**WORK REQUIRED:** Beginning with the line that contains "Olympique de Marseille", repeat each line exactly through the end of the listing below. Pictures stay out.

**SUPPLIED DATA:**

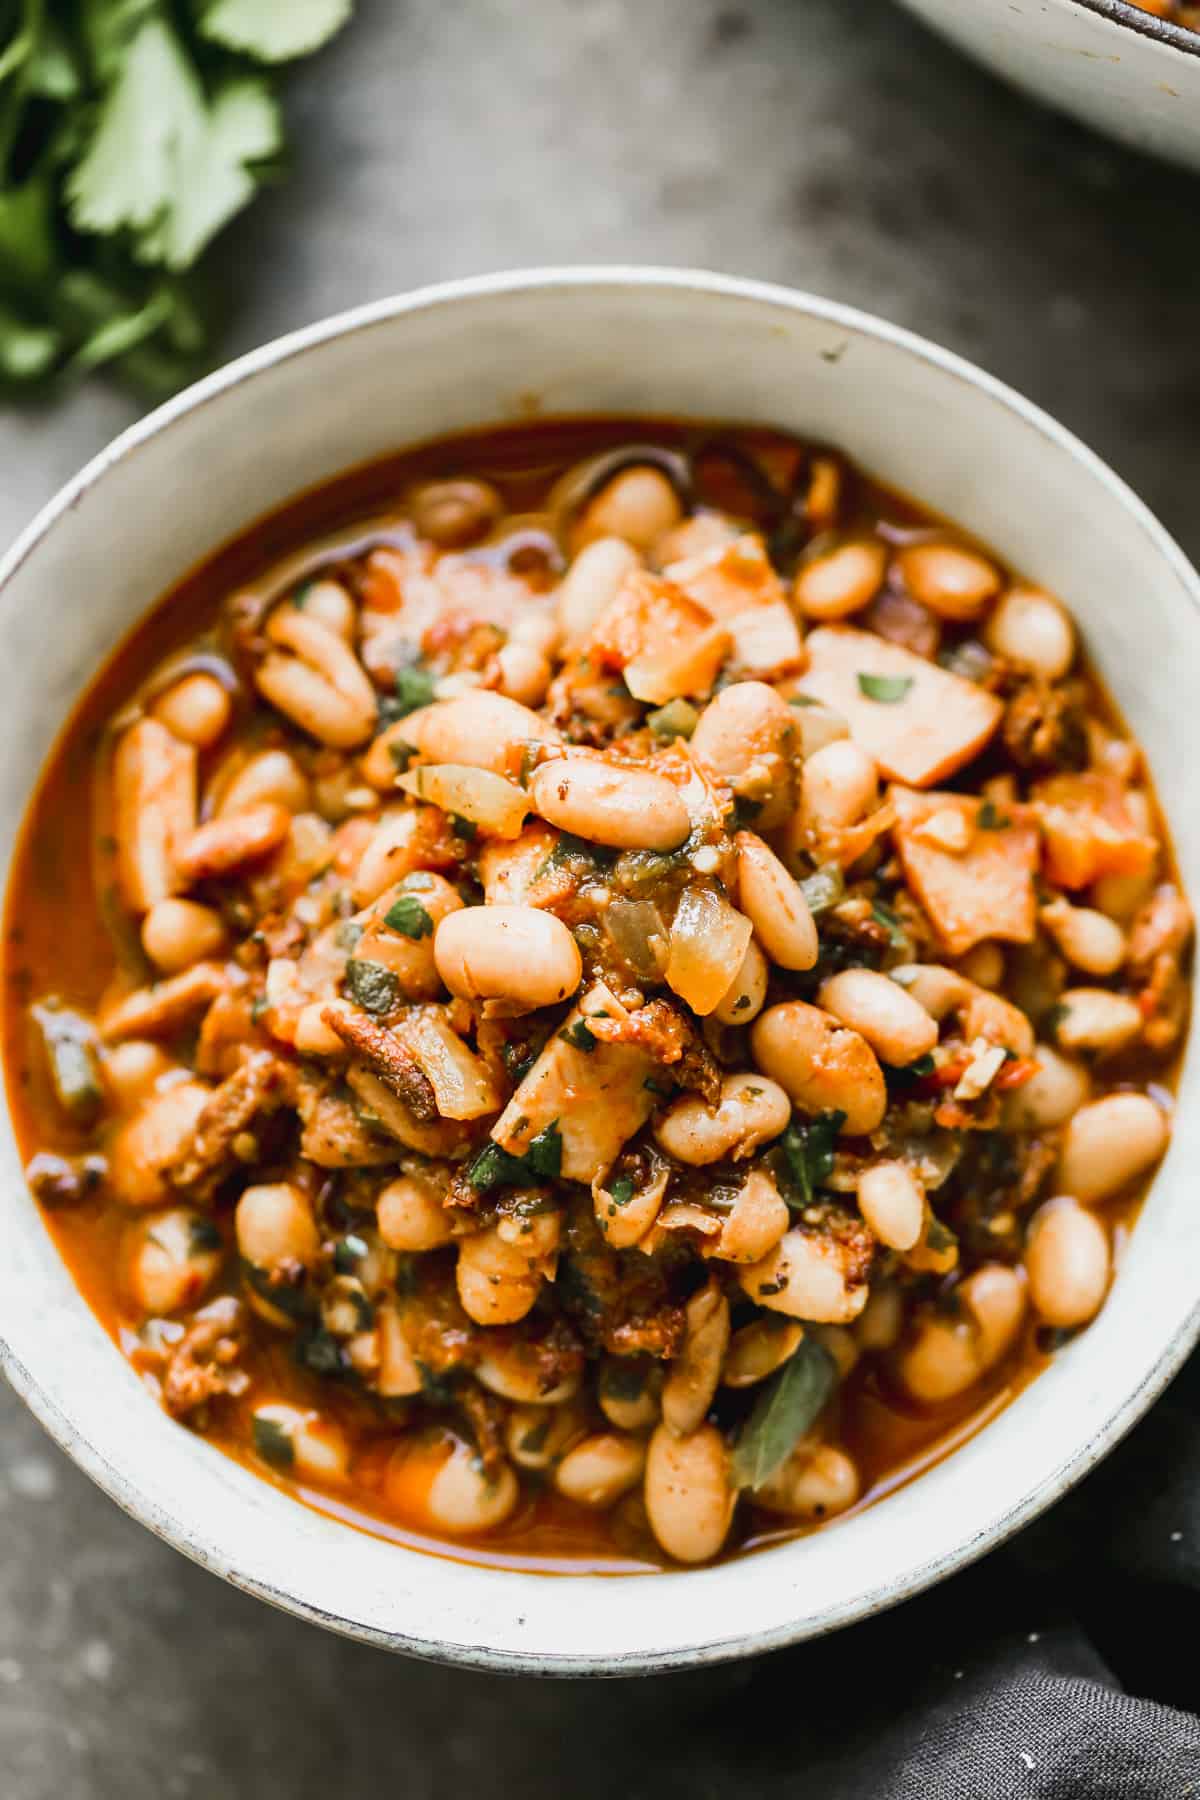 A bowl full of Borracho Beans, warm and ready to eat.
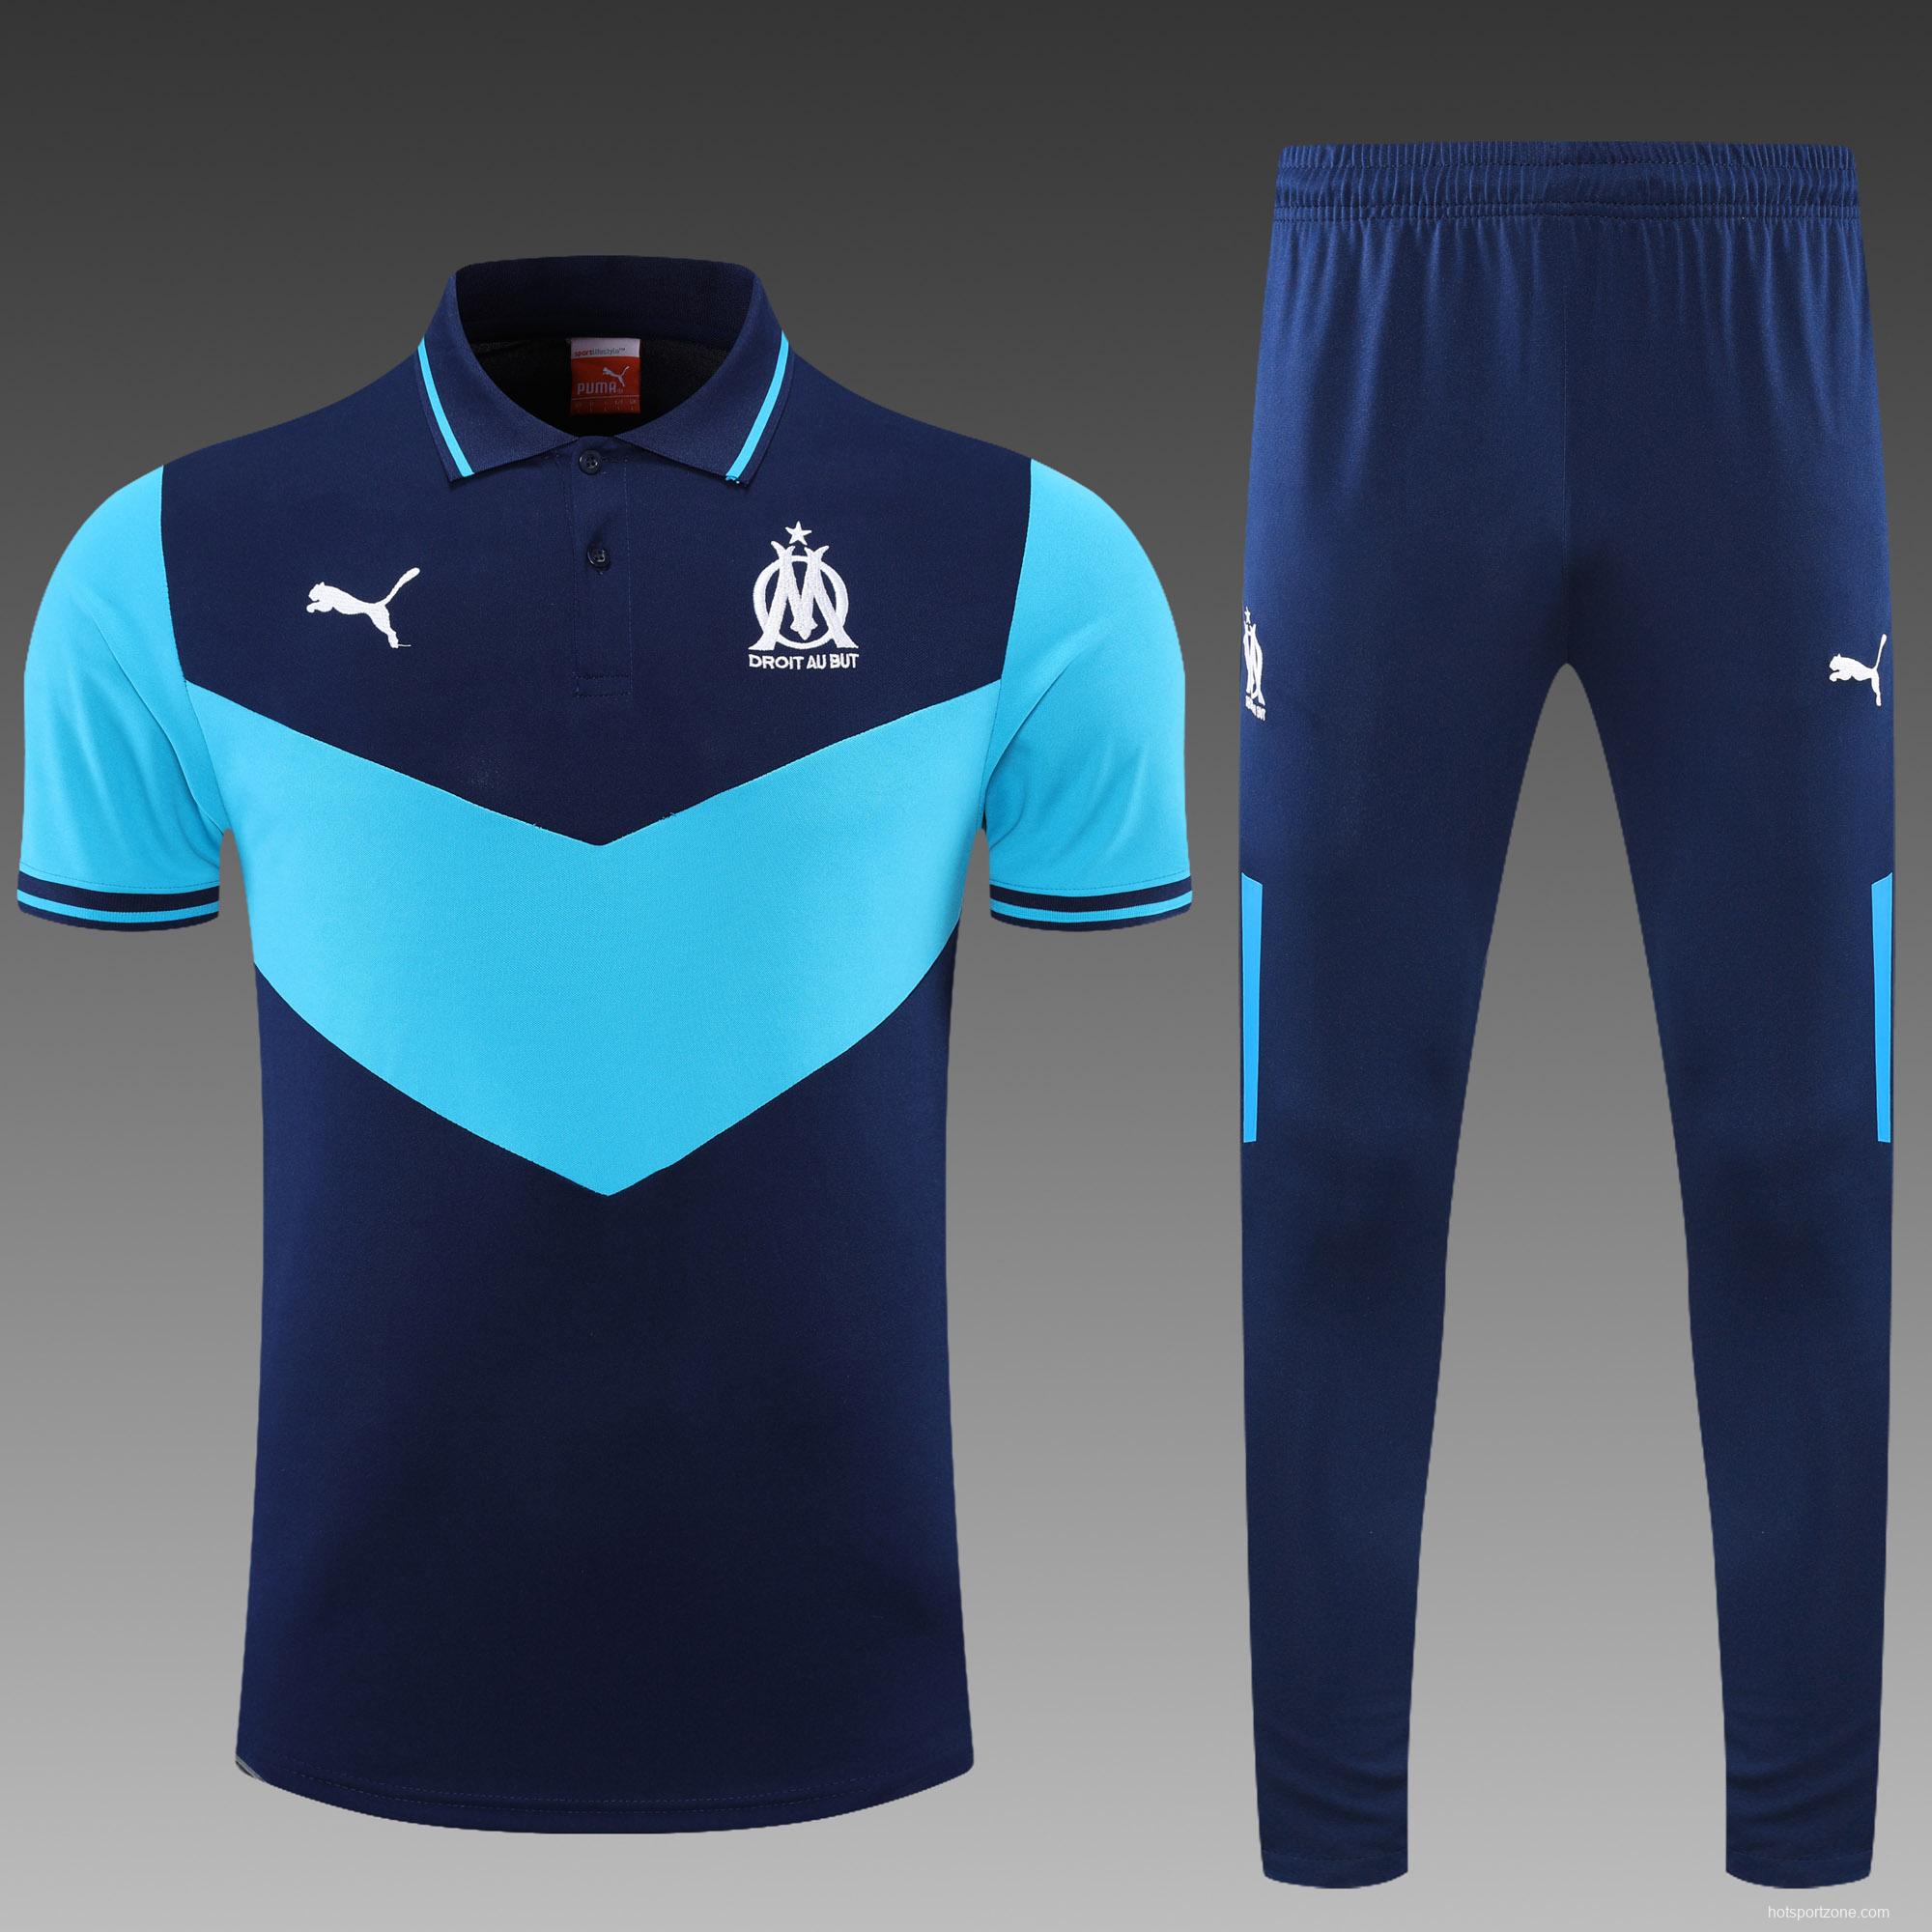 Olympique de Marseille POLO kit royal blue (not sold separately)
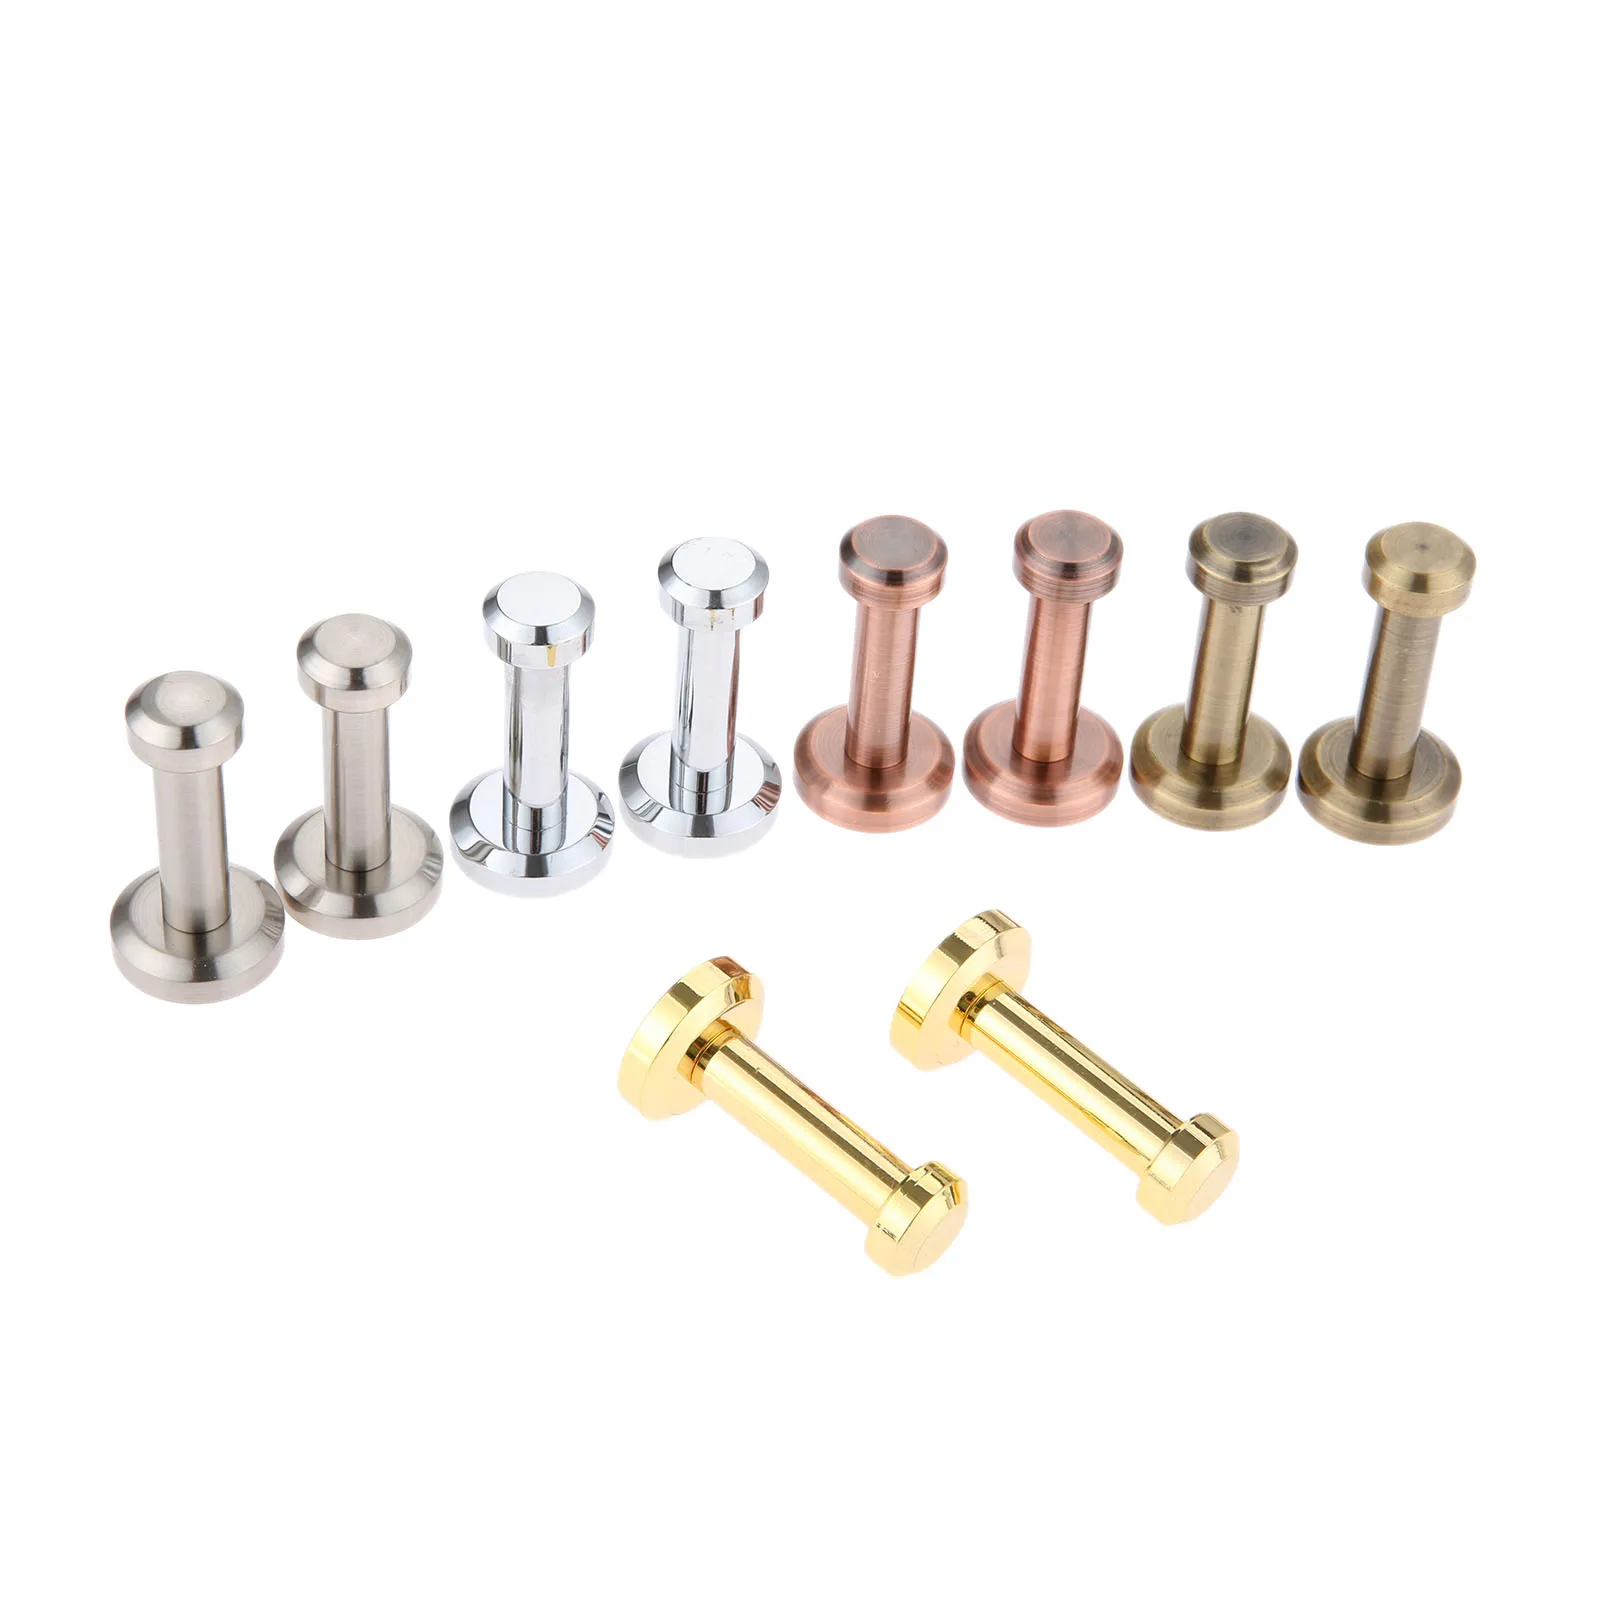 

2pcs Wall Mounted Coat Hooks w/screws Brass Hanger Brushed Colorful Plated 47mm/1.85Inch Modern Simple Bathroom Kitchen Bedroom

**WRITTEN RESPONSE:**
 Olympique de Marseille POLO kit royal blue (not sold separately)

2pcs Wall Mounted Coat Hooks w/screws Brass Hanger Brushed Colorful Plated 47mm/1.85Inch Modern Simple Bathroom Kitchen Bedroom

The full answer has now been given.